Our flowers grow in poison soil.
Our flowers grow in poison soil.
When I was young and sent to my room for some indignity I’d cry as loud and as long as I could
My mother would tell me, with spite on her tongue, “sometimes I think you like to be sad.”
I didn’t cry to be sad I cried to be heard
But sadness kept me company, and held the comfort of a truth
that no one would be coming
but they should they should
For seven days I heard a voice in my head speak a truth I didn’t know I had been seeking
until it had cleared away all the thoughts from my brain
until I could hear it echoing deafening off the bedroom walls
until I could only answer in reply
until it covered me with joy and my heart turned inside out
and all the parts of me found their way home
It’s already my birthday in the place where I was born Hah!
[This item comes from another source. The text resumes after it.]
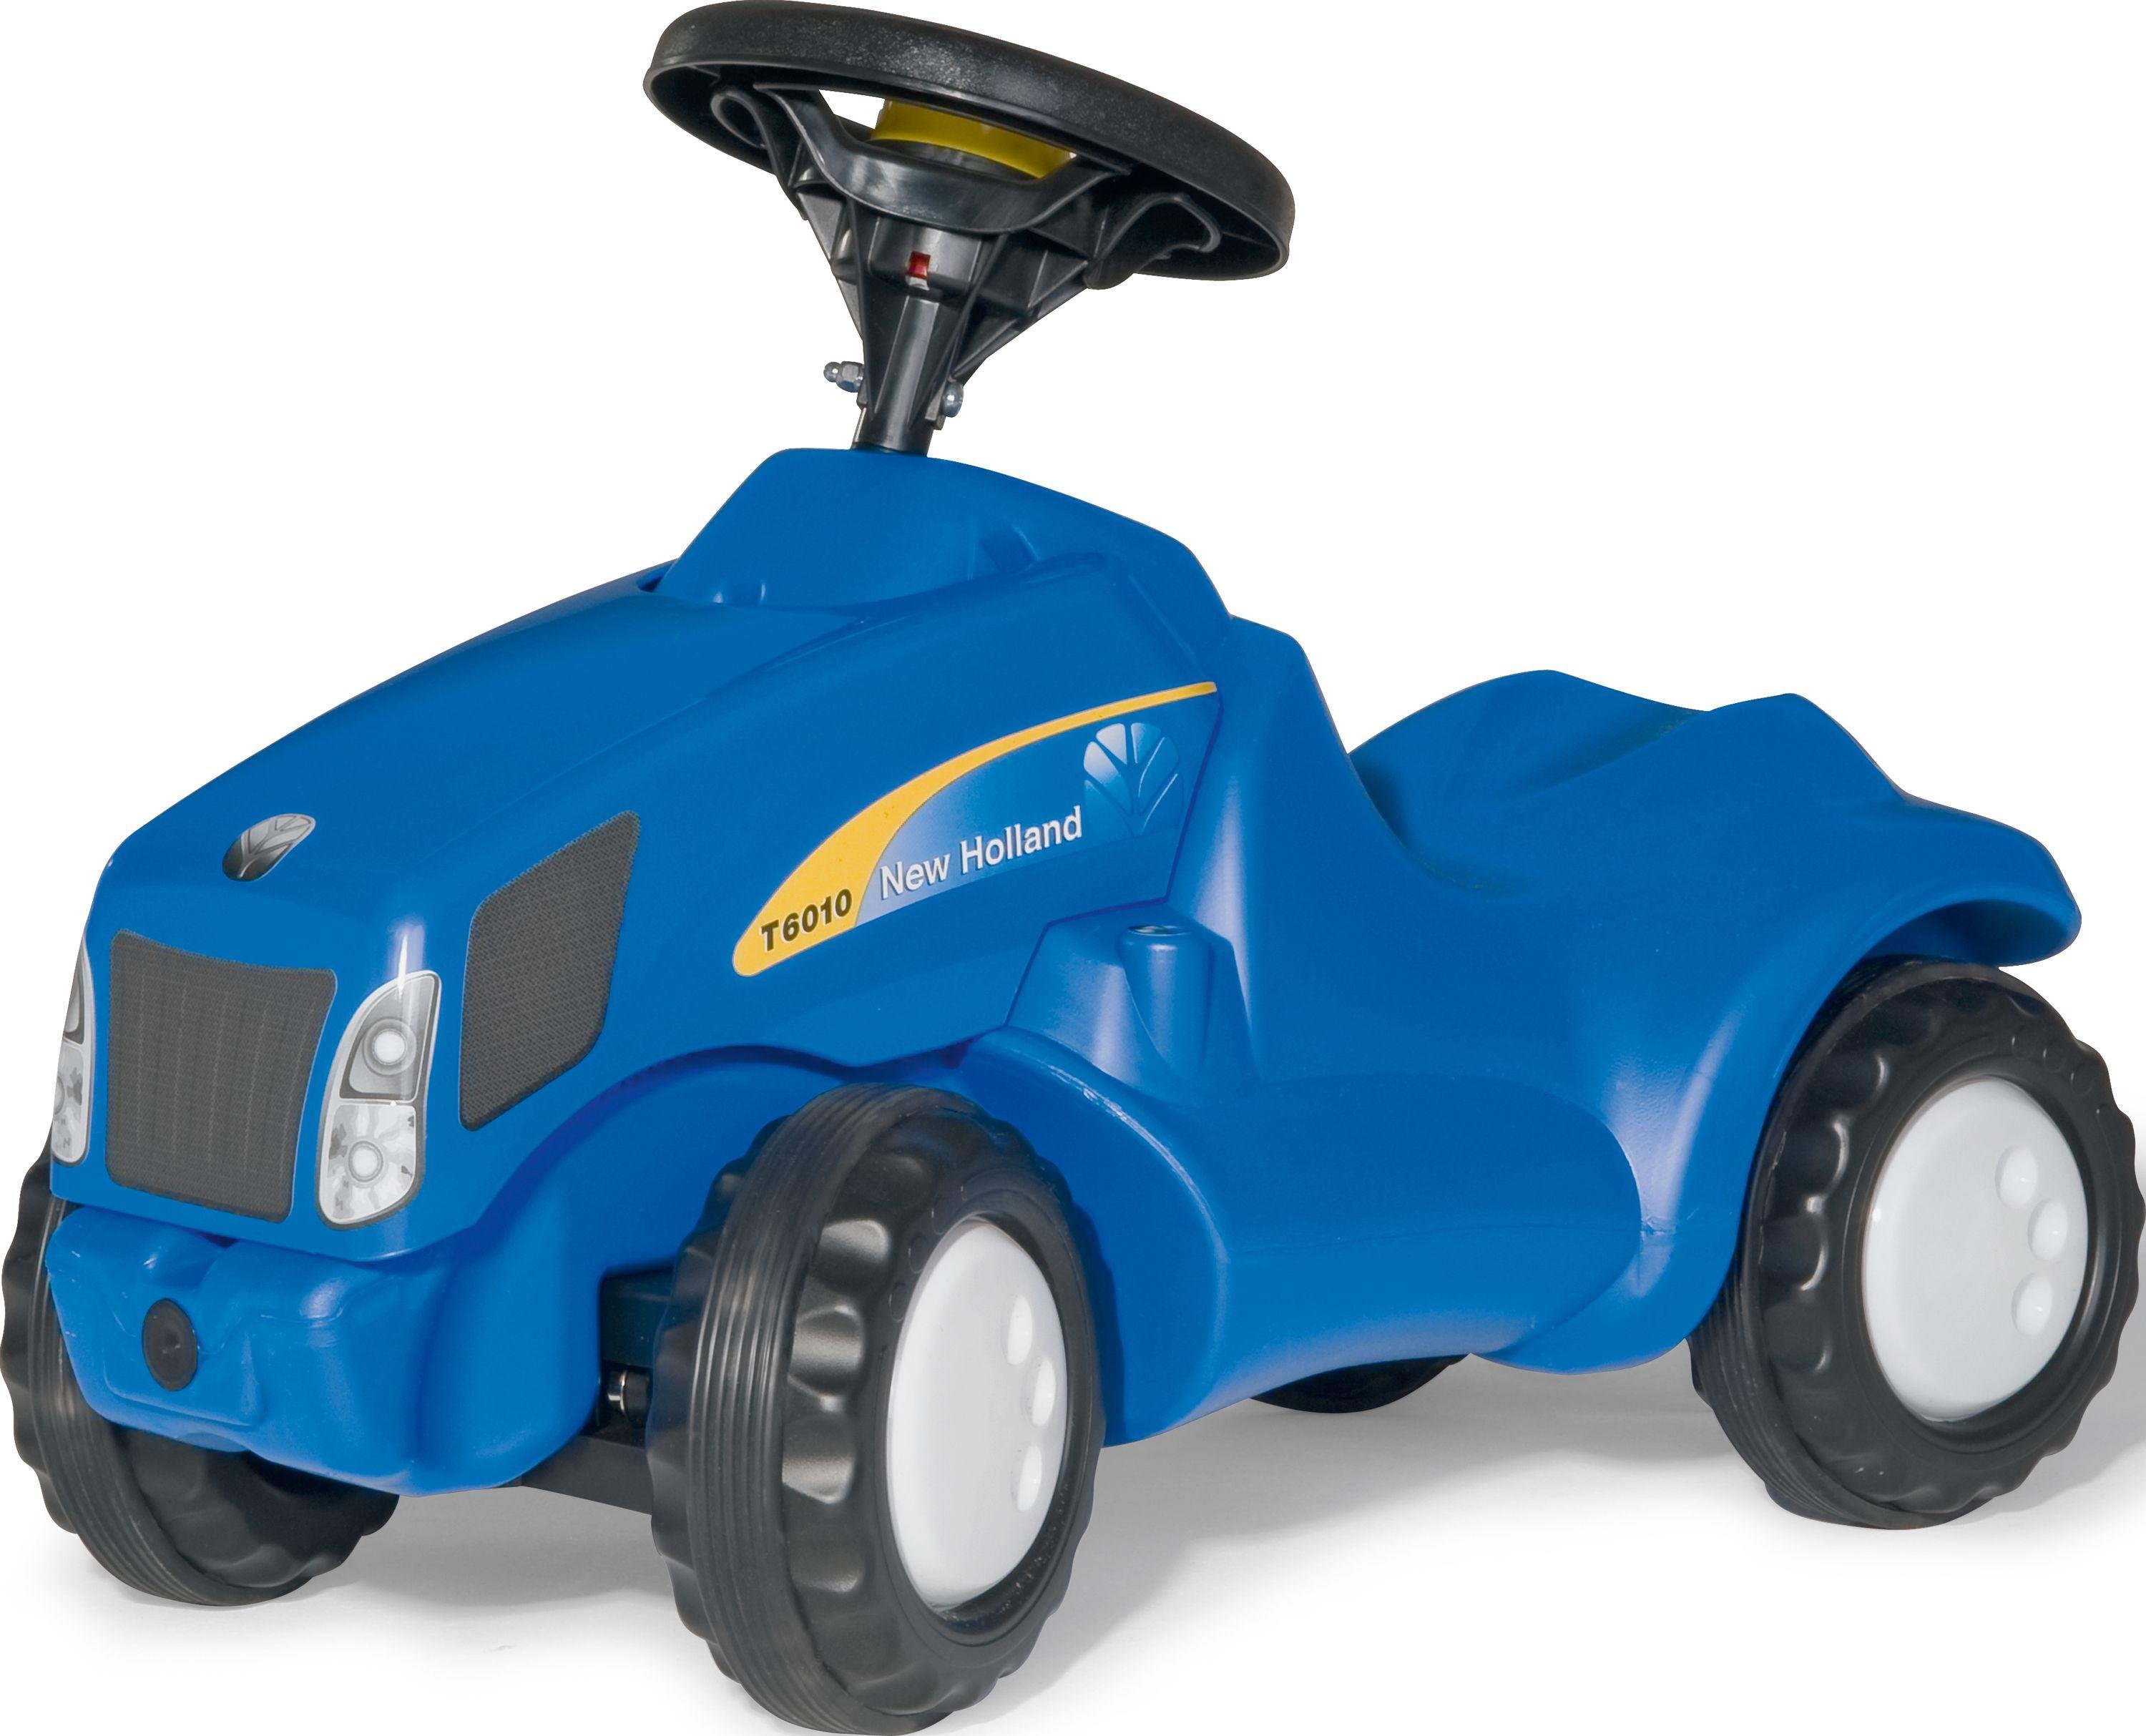 New Holland TVT155 Mini Trac Child's Tractor. review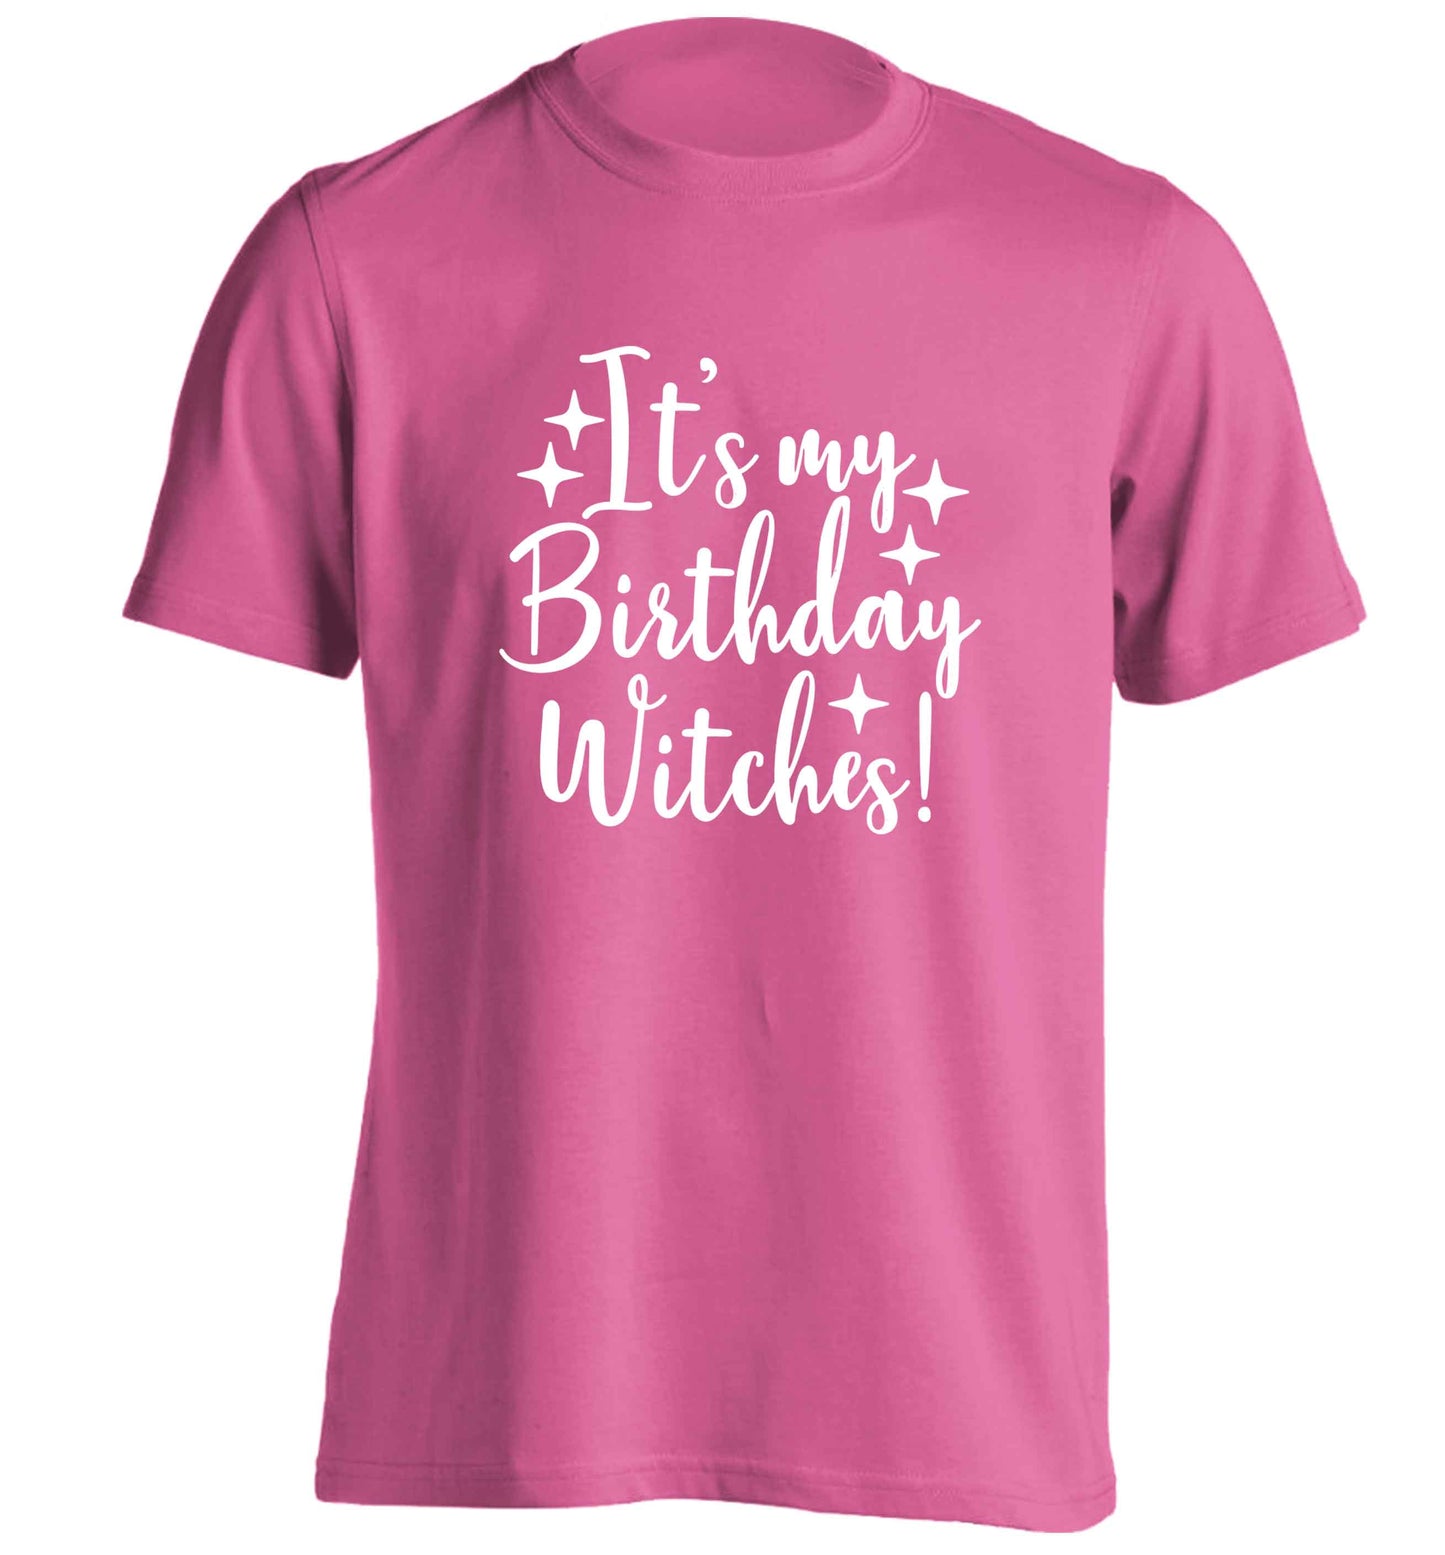 It's my birthday witches!adults unisex pink Tshirt 2XL

An extra two hours for me
Did you know there are people who have feelings?
Did you know there are people who have feelings that just show up like they have a standing invitation to the feelings party?
Did you know there are people who have feelings that they would like to share with other people who have feelings?
Did you know there are people who have feelings that speak and not the things that burrow into your body and gnaw at the walls of your stomach until you wonder if you have cancer
or the things that slide along your bones and bind your flesh so tight you wonder if you are made of stone
Did you know there are people who have feelings that move and dance and cry and sing and not the things that fold in and collapse into a black hole inside you, threatening to swallow the world if you open your mouth too wide
Did you know?
I didn’t know I didn’t know No one ever told me
Someday you will die and no one will know that you stayed up too late because you were avoiding the trash
Someday you will die and no one will think about whether you had a house or how you kept it
My body is leaking information words overflowing from my brain slipping out silently between the sounds of our conversations
flowing neatly, swiftly, through the tip of my finger as I scroll on the phone falling begrudgingly into my morning coffee, plop, plop, plop to be swallowed back down again
they are littering the floor piling up on the stairs they are churning churning in my head and twisting up in my hair
I want to gather them up
I want to pour them into the cracks of the world letting them grow thicker and thicker until they pry apart reality and reveal what is underneath
I want to pour them onto the page and watch them arrange themselves into a truth
I want to gather them up into the shape of me so I can show you and say, “see? see? now do you see?”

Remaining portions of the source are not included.